Task material ::
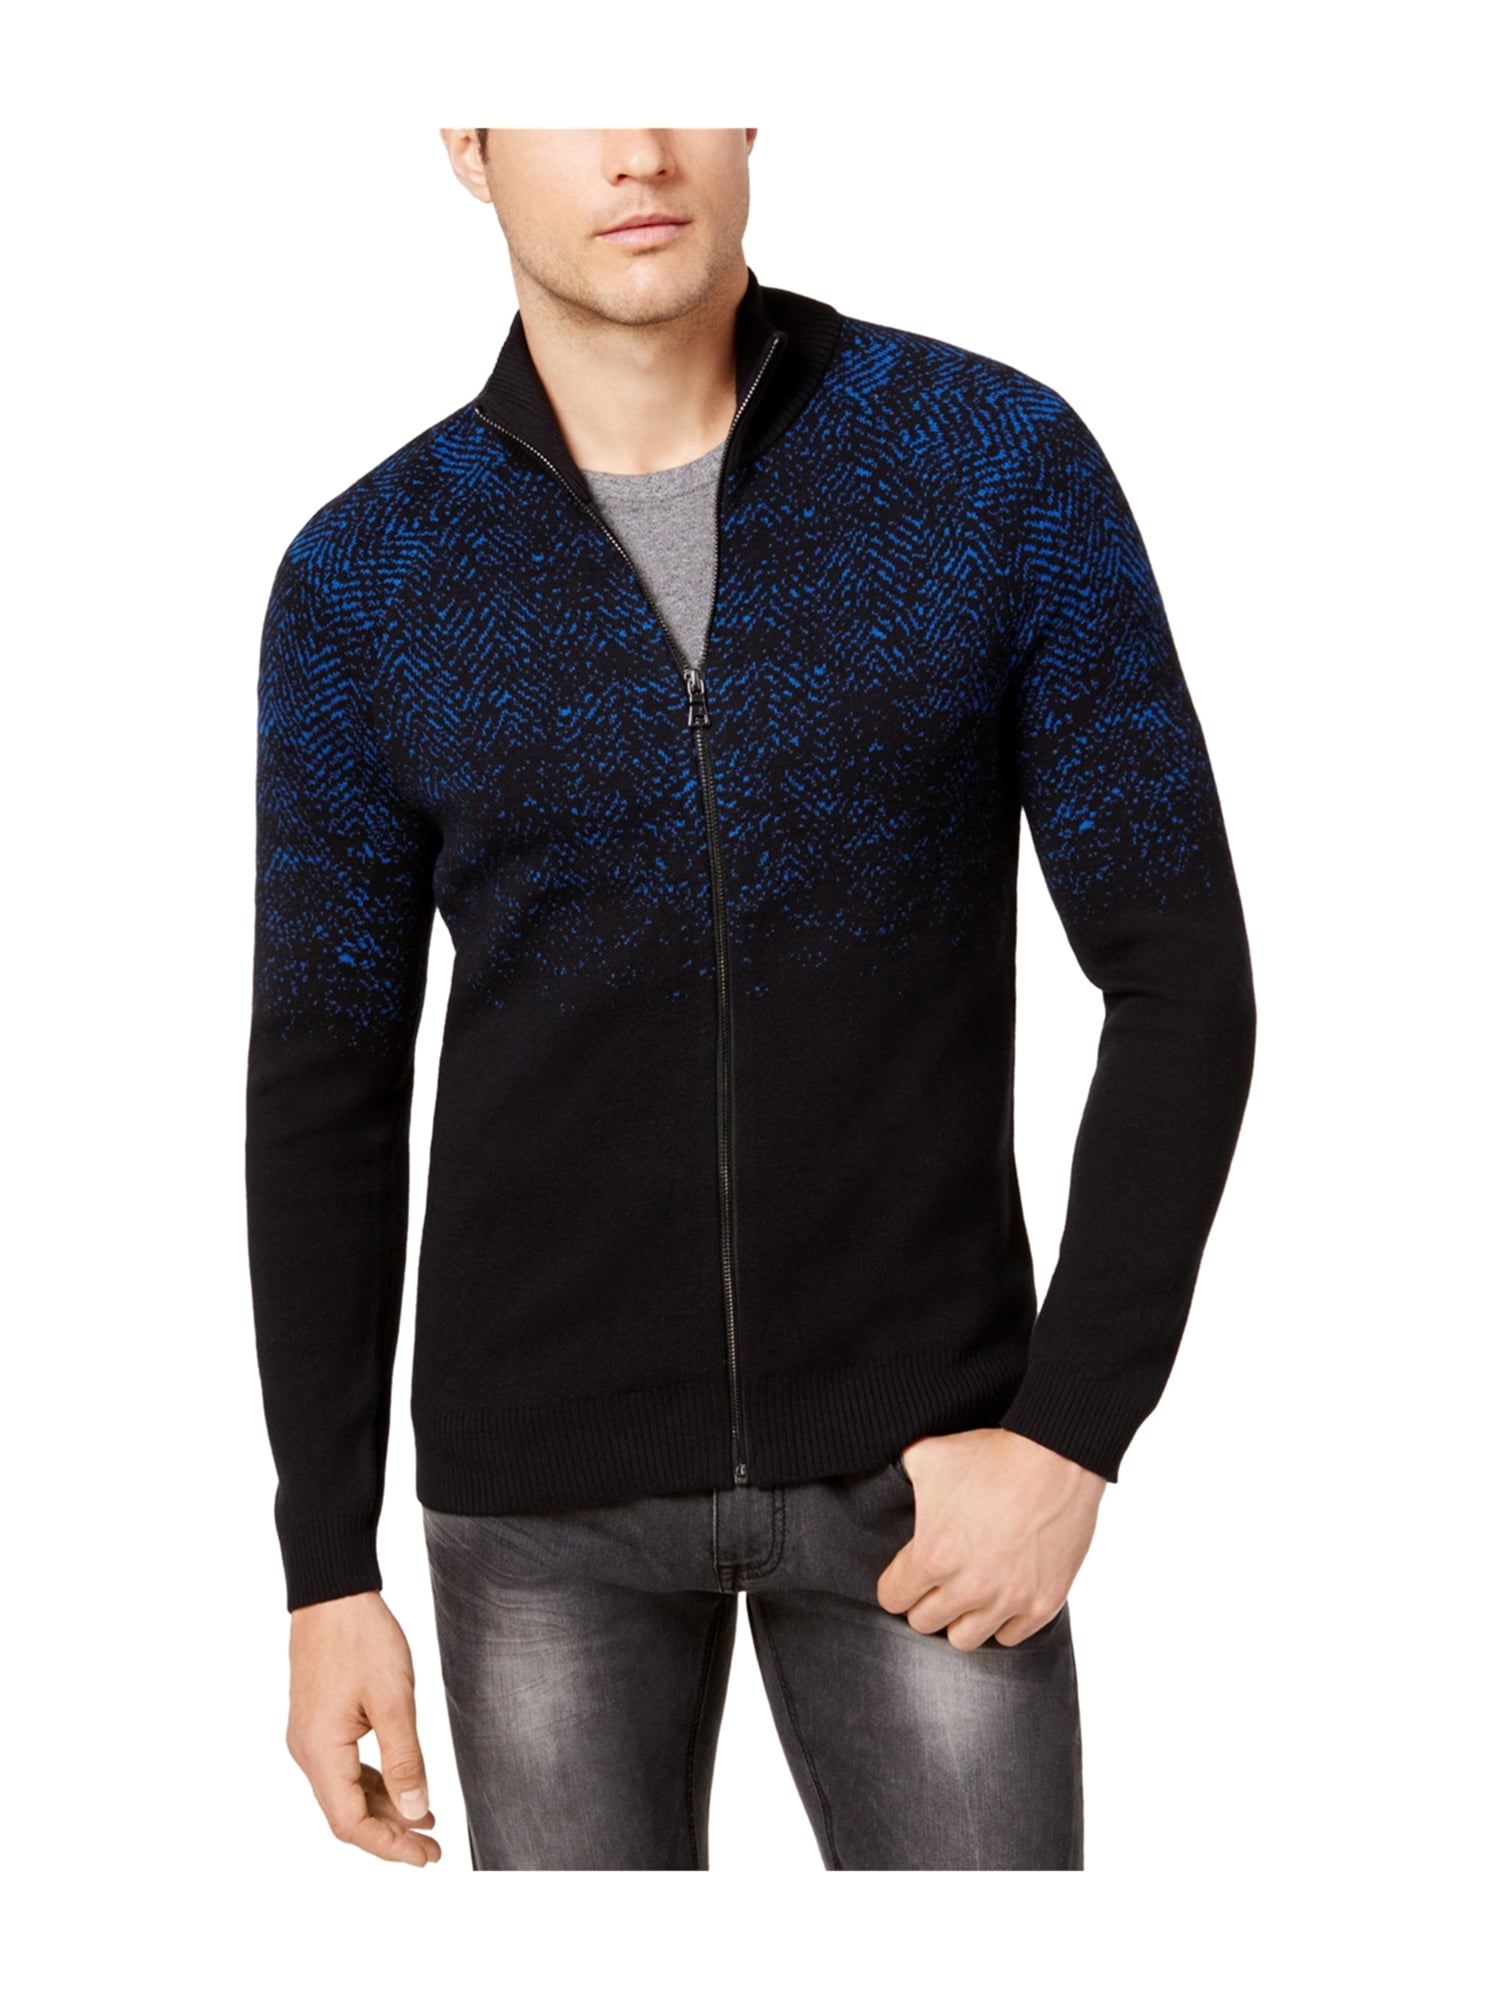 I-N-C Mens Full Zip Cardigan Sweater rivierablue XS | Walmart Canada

==

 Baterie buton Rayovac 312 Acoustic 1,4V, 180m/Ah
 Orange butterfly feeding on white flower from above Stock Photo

The problem ::
Only one part of the material above is to be transcribed, namely the lines starting with the line that has "Baterie buton Rayovac" and going on through the line that has "Orange butterfly feeding", exactly as they stand.

Expected answer ::
 Baterie buton Rayovac 312 Acoustic 1,4V, 180m/Ah
 Orange butterfly feeding on white flower from above Stock Photo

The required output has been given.